The mechanical status of the cervix is a key physiological element during pregnancy. By considering a successful induction when the active phase of labor is achieved, mapping the mechanical properties of the cervix could have predictive potential for the management of induction protocols. In this sense, we performed a preliminary assessment of the diagnostic value of using shear wave elastography before labor induction in 54 women, considering the pregnancy outcome and Cesarean indications. Three anatomical cervix regions and standard methods, such as cervical length and Bishop score, were compared. To study the discriminatory power of each diagnostic method, a receiver operating characteristic curve was generated. Differences were observed using the external os region and cervical length in the failure to enter the active phase group compared to the vaginal delivery group ( p < 0.05). The area under the ROC curve resulted in 68.9%, 65.2% and 67.2% for external os, internal os and cervix box using elastography, respectively, compared to 69.5% for cervical length and 62.2% for Bishop score. External os elastography values have shown promise in predicting induction success.
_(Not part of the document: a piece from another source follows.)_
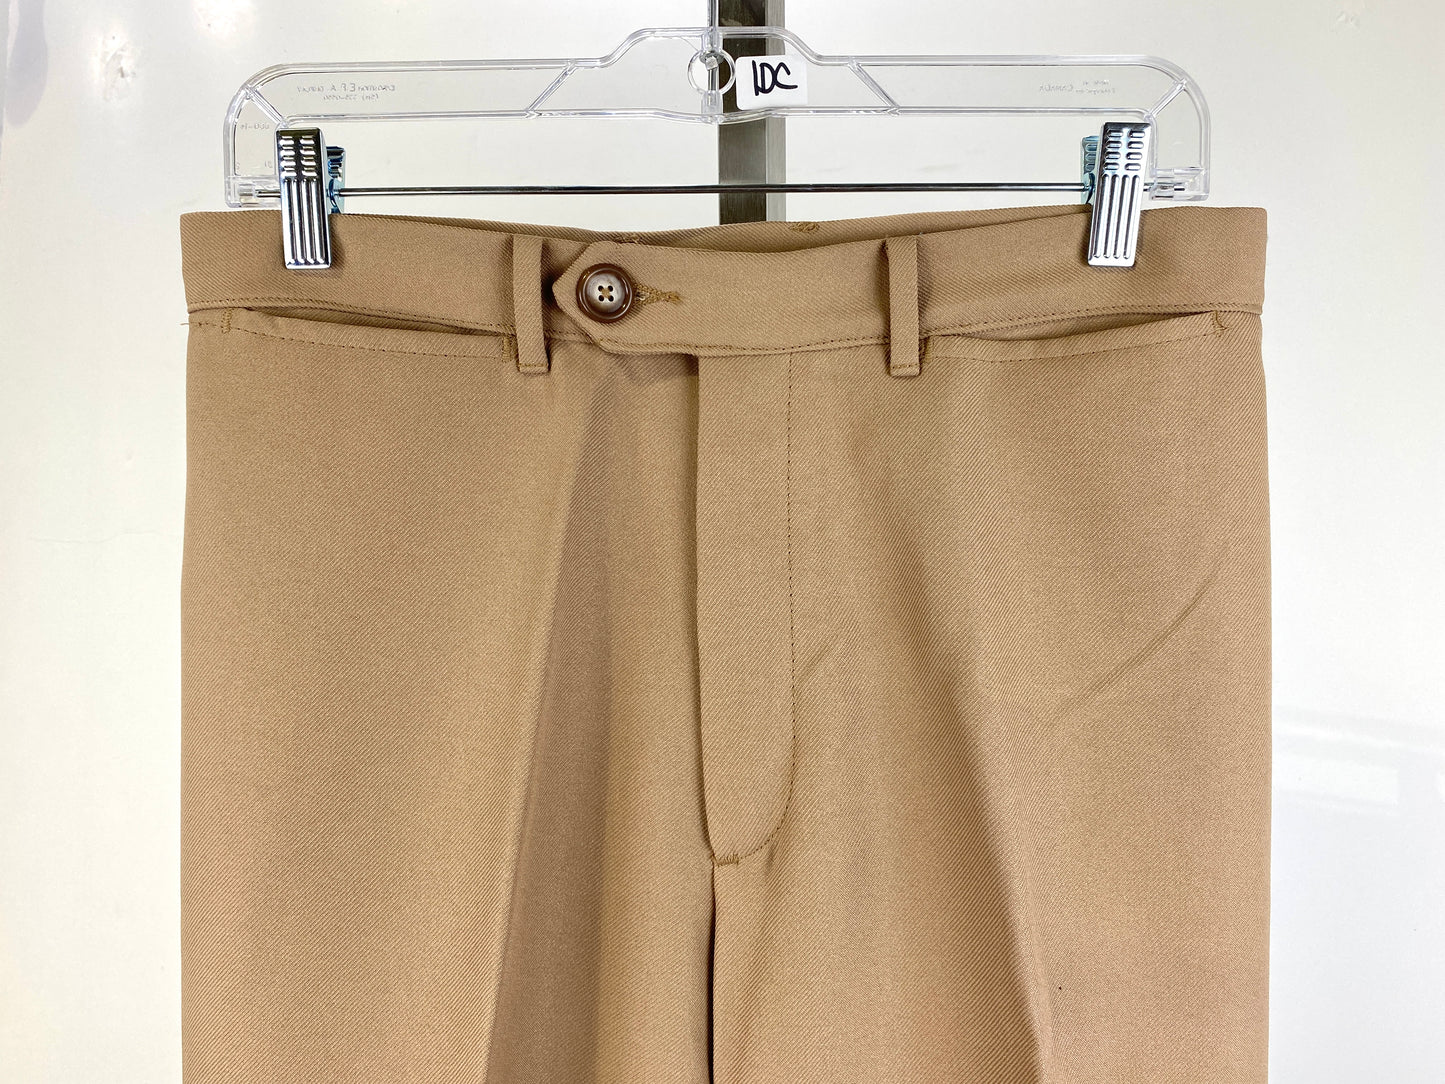 Vintage 1970s Deadstock Flared Poly Trousers, Men's Tan Slacks, NOS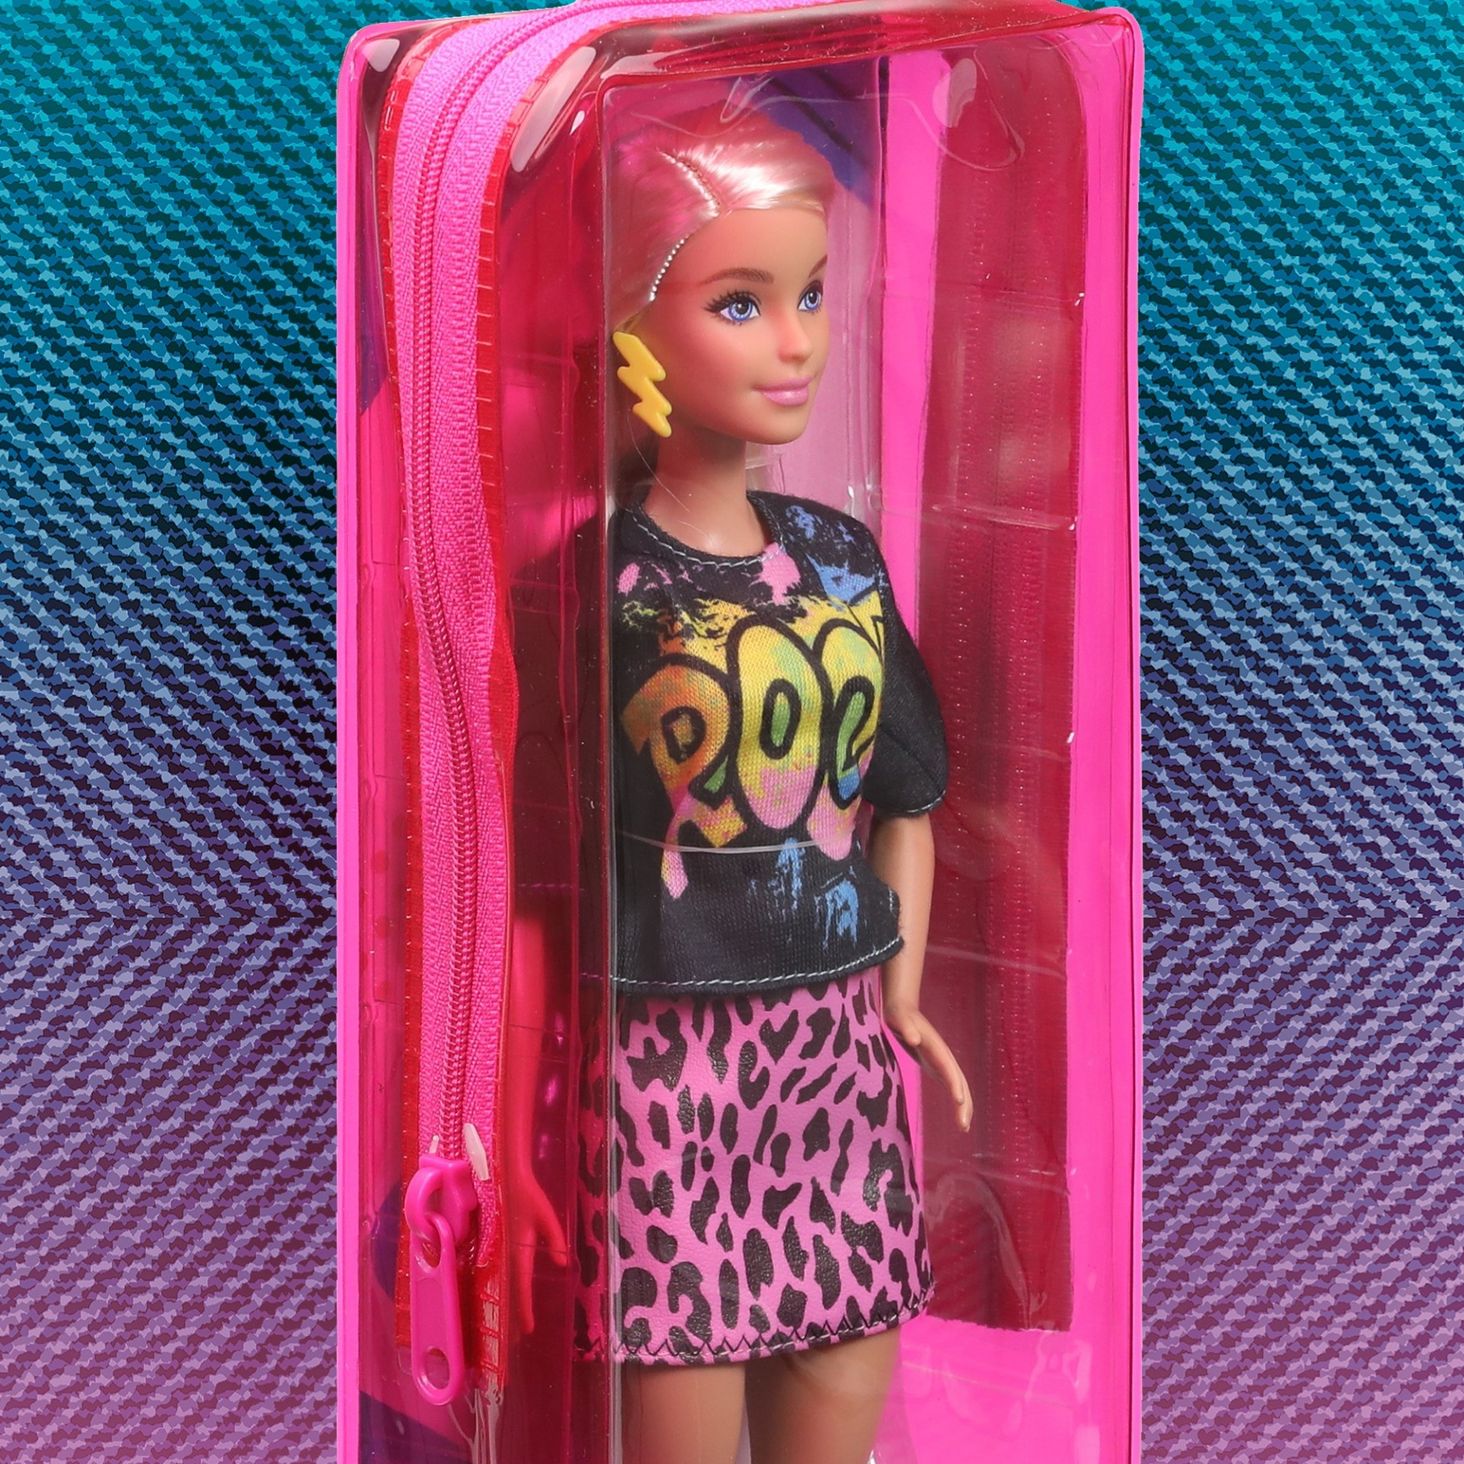 Barbie Fashionistas - Lalka 144 GYB00

This a priori information could be used to prepare a study with a larger sample size, which would reduce the effect of any bias selection and increase the predictive power of elastography compared to other classical techniques.

Suggested Citation

  • Jorge Torres & María Muñoz & María Del Carmen Porcel & Sofía Contreras & Francisca Sonia Molina & Guillermo Rus & Olga Ocón-Hernández & Juan Melchor, 2022. "Preliminary Results on the Preinduction Cervix Status by Shear Wave Elastography," Mathematics, MDPI, vol. 10(17), pages 1-14, September.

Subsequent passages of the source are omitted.